Homage to a suburban vernacular

By
Jenny Brown
October 17, 2017
The International Modernist house in Caulfield reworked by Branch Studio Architects. Photo: Peter Clarke

Brad Wray, who helped a young couple upgrade an International Modernist house the woman had inherited from her grandparents, recognised it as belonging to an intriguing sub-genre of mid century residential design he calls “’60s Caulfield vernacular”.

The strongly horizontal house with two levels at the front and one level at the rear, and with the very characteristic terrace framing of breezeblock screens, had been designed by Michael Feldhagen, one of the post-war European emigre architects who, Wray says, “did modernism with a Bauhaus flavour”.

“It was more decorative than the Bayside modernism of Robin Boyd”.

Wray says when he first approached the building, “walking up the hill to the podium, it had a temple-like quality”.

For the young parents who wanted to contemporise the dark three-bedroom building, with the cellar, toilet and recreation room down the wallpapered spiral stair portal, the job was to make it family functional without destroying “the memory of the family that had lived in it”.

What he sought to do in opening up and reappointing the kitchen with beautifully tailored lime-washed cabinetry, a material that segues through to a gallery-like space – “an umbilical to the living area” – was to be “non-architectural in our approach”.

“What we wanted to do with such an old and beautiful house like this with such a beautiful history, was not to make any statements but to make the original house ‘sing’ “.

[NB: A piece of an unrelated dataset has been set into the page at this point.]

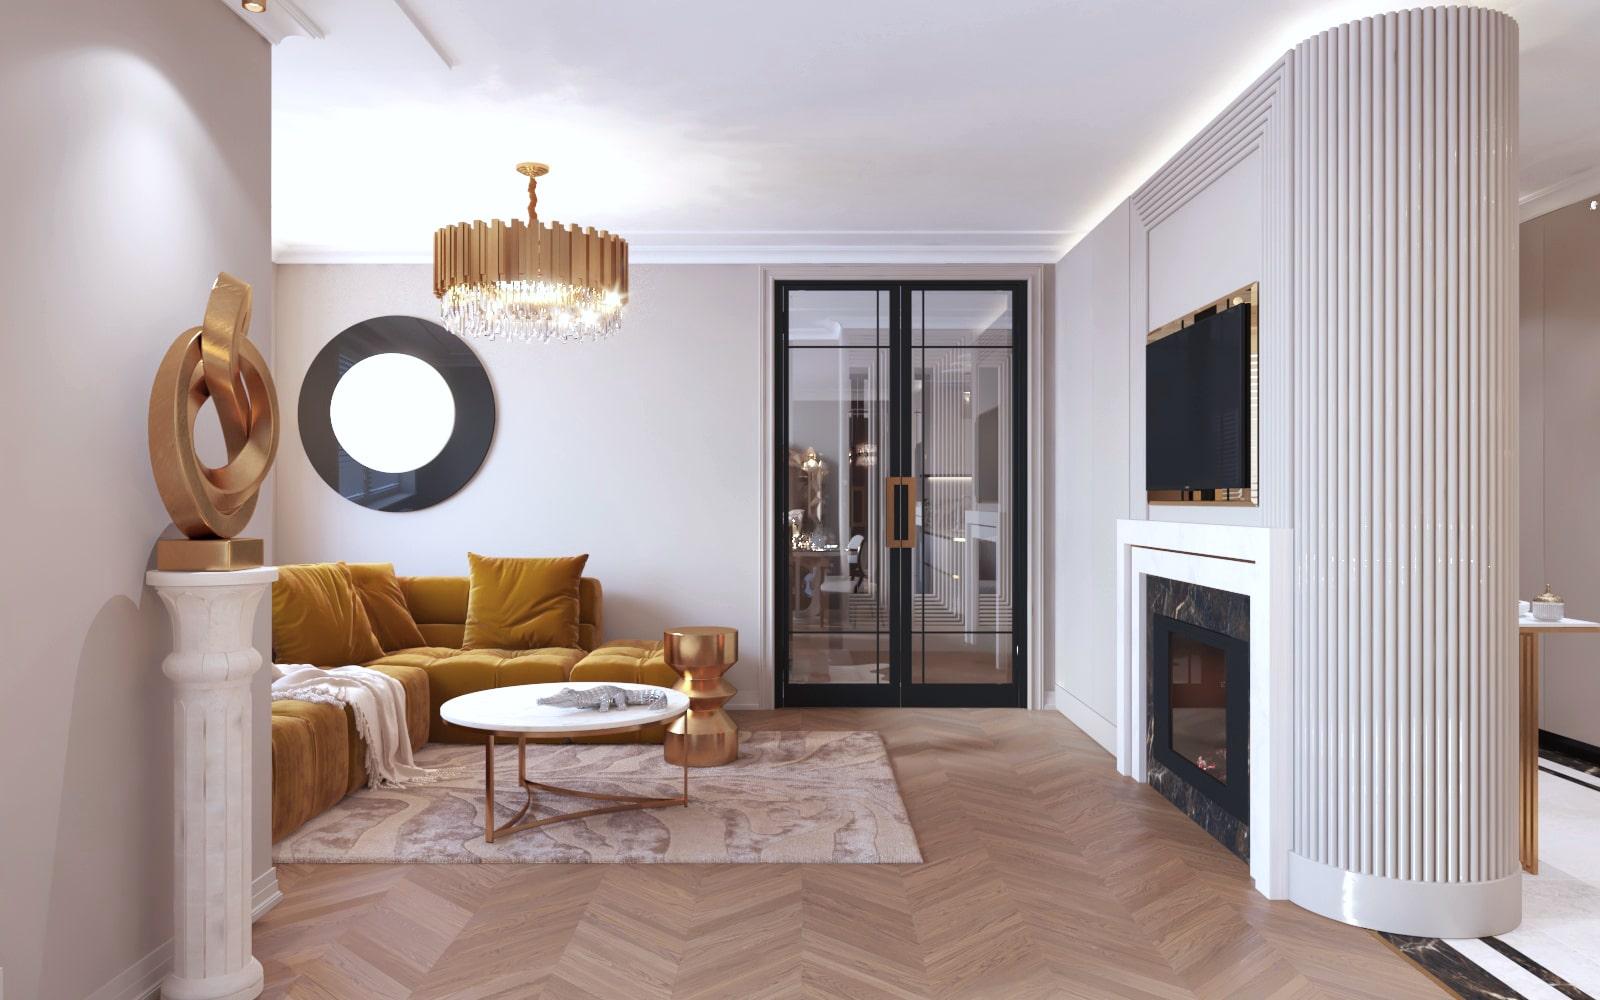 Minimalistyczny i nowoczesny salon zaprojektowanych przez projektantów z Krakowa.

Adding a perforated and curved black privacy screen to the front to shield what had been a downstairs storage space that was to transition first into a study, and later into the main room of a self-contained teen apartment, Branch also extended the white breezeblock frames at the rear with more black screens.

Wray then made the rear deck a double layered, full-width decent faced with thick white horizontals “as a little play on Miesian modernism”.

Connecting the house so much better to its yard, “it’s almost a landscape feature in itself”.

Though it was a big program including changing all windows and dramatically re-appointing several bathrooms, quite a few original lighting elements, wallpaper and furniture has been carried through.

The chandeliers, the above-bench kitchen lights, the “incredible embossed wallpaper and couches by Jacob Rudowsky that had been specifically made for the house. We re-upholstered them”, says Wray. “We also restored the sideboard bar that has been made by Rudowsky.”